Nokia and Windows Phone user training (Kenya and Nigeria):
 Microsoft has established agreements with Safaricom in Kenya and Bharti Airtel in Nigeria to accelerate local adoption of the Nokia Lumia 510 and Nokia Lumia 620 Windows Phones. In Nigeria, 95 percent of phones sold are feature phones. Through these agreements, Microsoft is funding in-store training for consumers who purchase these Nokia models with a data plan. The training explains the benefits of owning a smartphone, helping make these smartphones better understood and, therefore, more desirable for consumers.
Female empowerment portal (North Africa):
This portal targeted at North African women will launch in March as an offshoot of the MasrWorks IT skills portal. It is designed to empower young women to play a leadership role in their communities, build their skills and self-esteem, and introduce new models for self-employment. It will provide IT skills training and softer-skills training on topics including leadership, self-confidence and interviewing, as well as the mentorship needed to build a long-term career in technology. The mentorship will be provided via a sustained engagement between Microsoft, its partners, a local NGO and the beneficiaries to support them in career building and to plan their role in society as female leaders.

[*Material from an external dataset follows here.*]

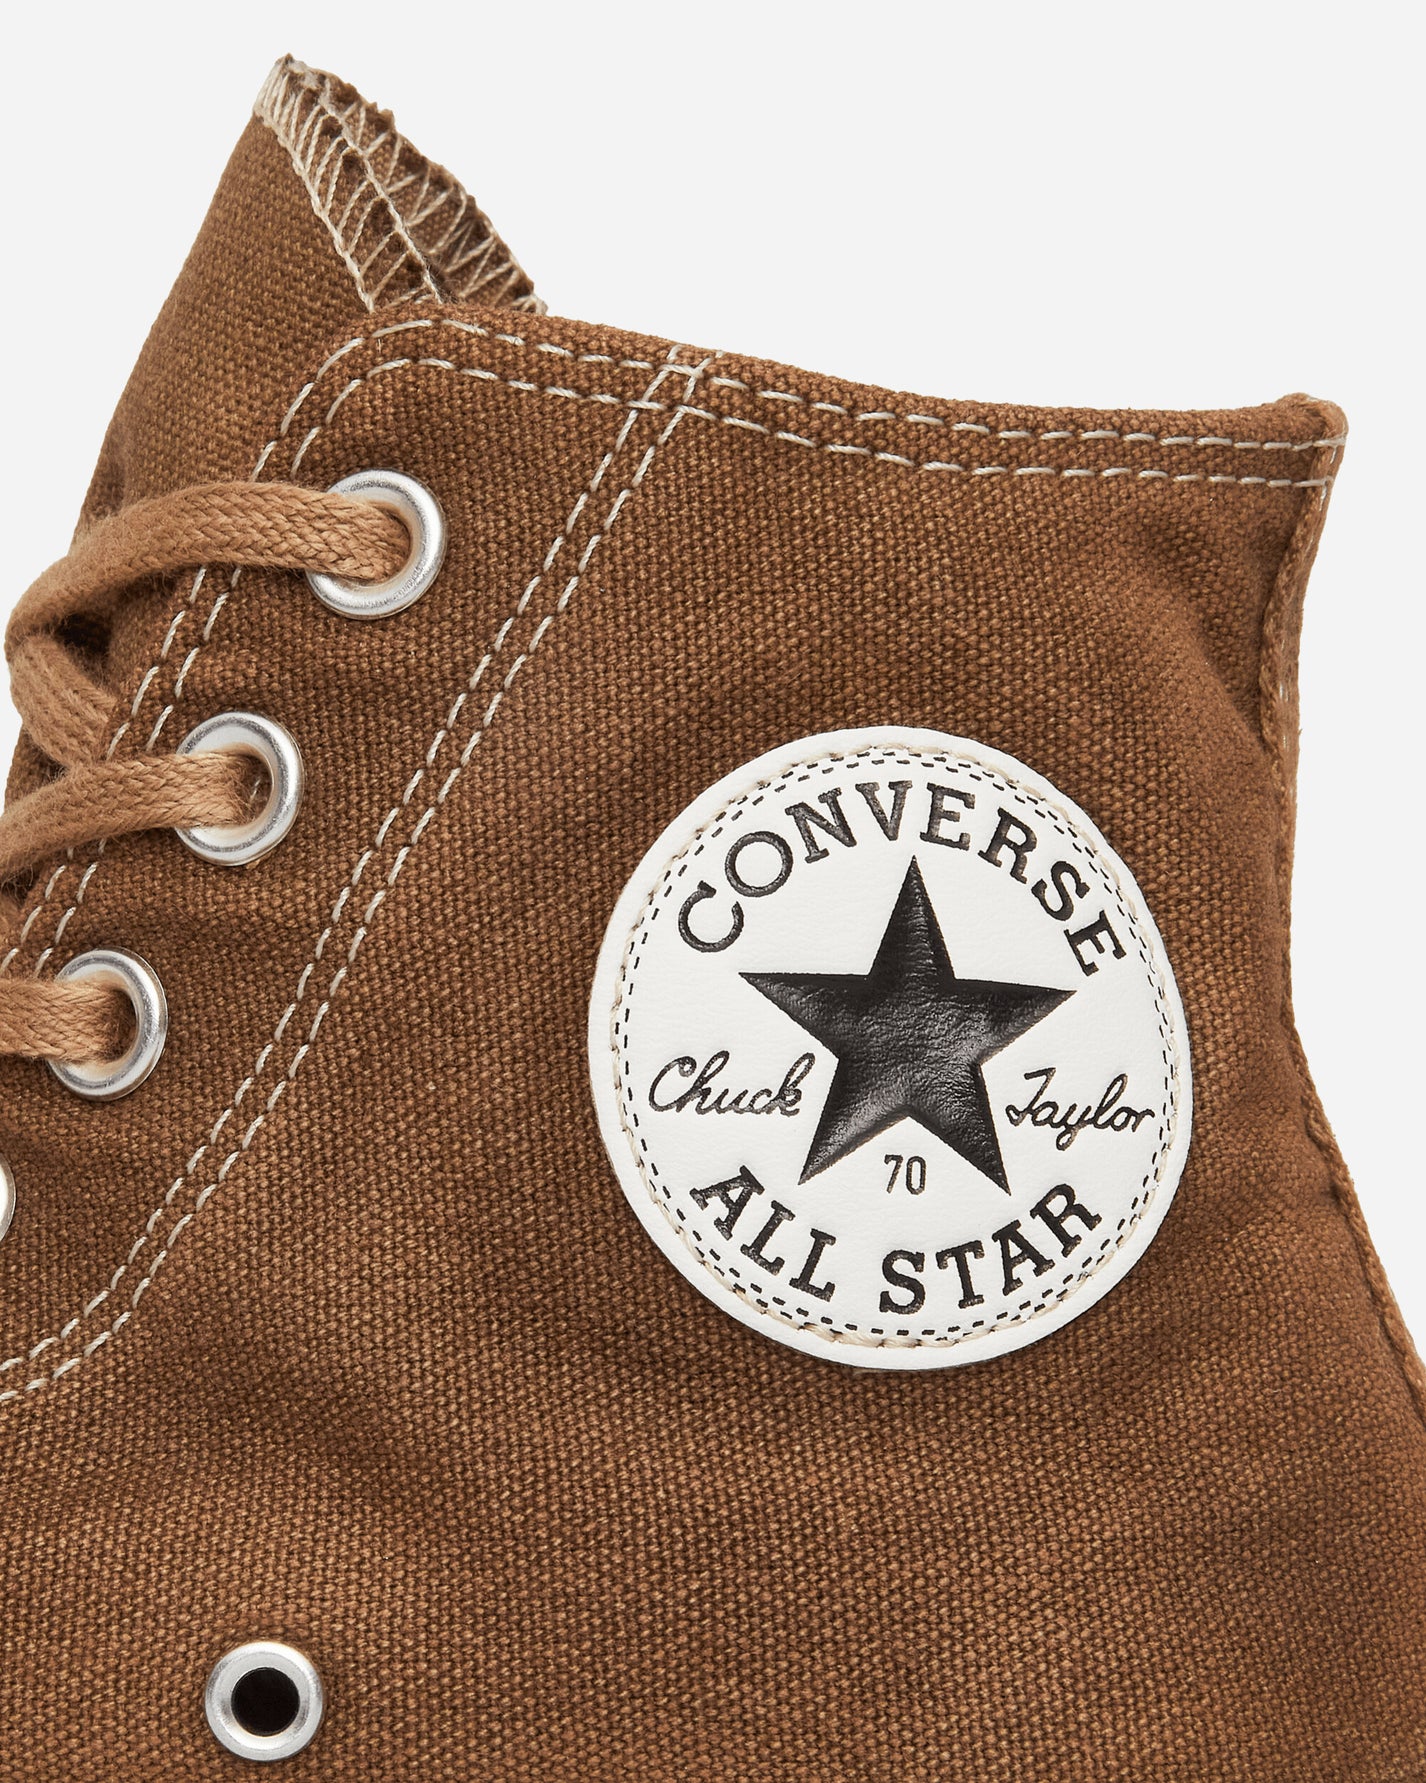 Converse Ct70 Canvas Ltd Icdc Walnut Dyed Sneakers High A06053C

“We believe there has never been a better time to invest in Africa and that access to technology — particularly cloud services and smart devices — can and will serve as a great accelerator for African competitiveness,” said Jean-Philippe Courtois, president of Microsoft International. “The launches of Windows 8 and many other new products in the coming months represent a new era for Microsoft, which we believe will redefine the technology industry globally. These additional investments under the 4Afrika banner will help define our company’s new era in Africa.” 

 Corporate Vice President, Microsoft Middle East & Africa, Ali Faramawy said, “When we look at the world, many see China or the BRIC countries as the next big opportunity for growth. At Microsoft, we view the African continent as a game-changer in the global economy. We believe deeply in the potential of technology to change Africa, and we equally believe in the potential of Africa to change technology for the world. We are honored to plant this new seed for Africa, and together with our network of partners, we look forward to the next 20 years of growing amazing opportunities for the continent.”

The world has recognized the promise of Africa, and Microsoft wants to invest in that promise, he said.

Microsoft has been operating in Africa for 20 years, and today  it has offices in 14 countries.




1 comment:

  1. This is the kind of partnership and collaboration we want. This kind of relationship can help develop our capacity. If we do most things right, SSA will drive growth in this dispensation.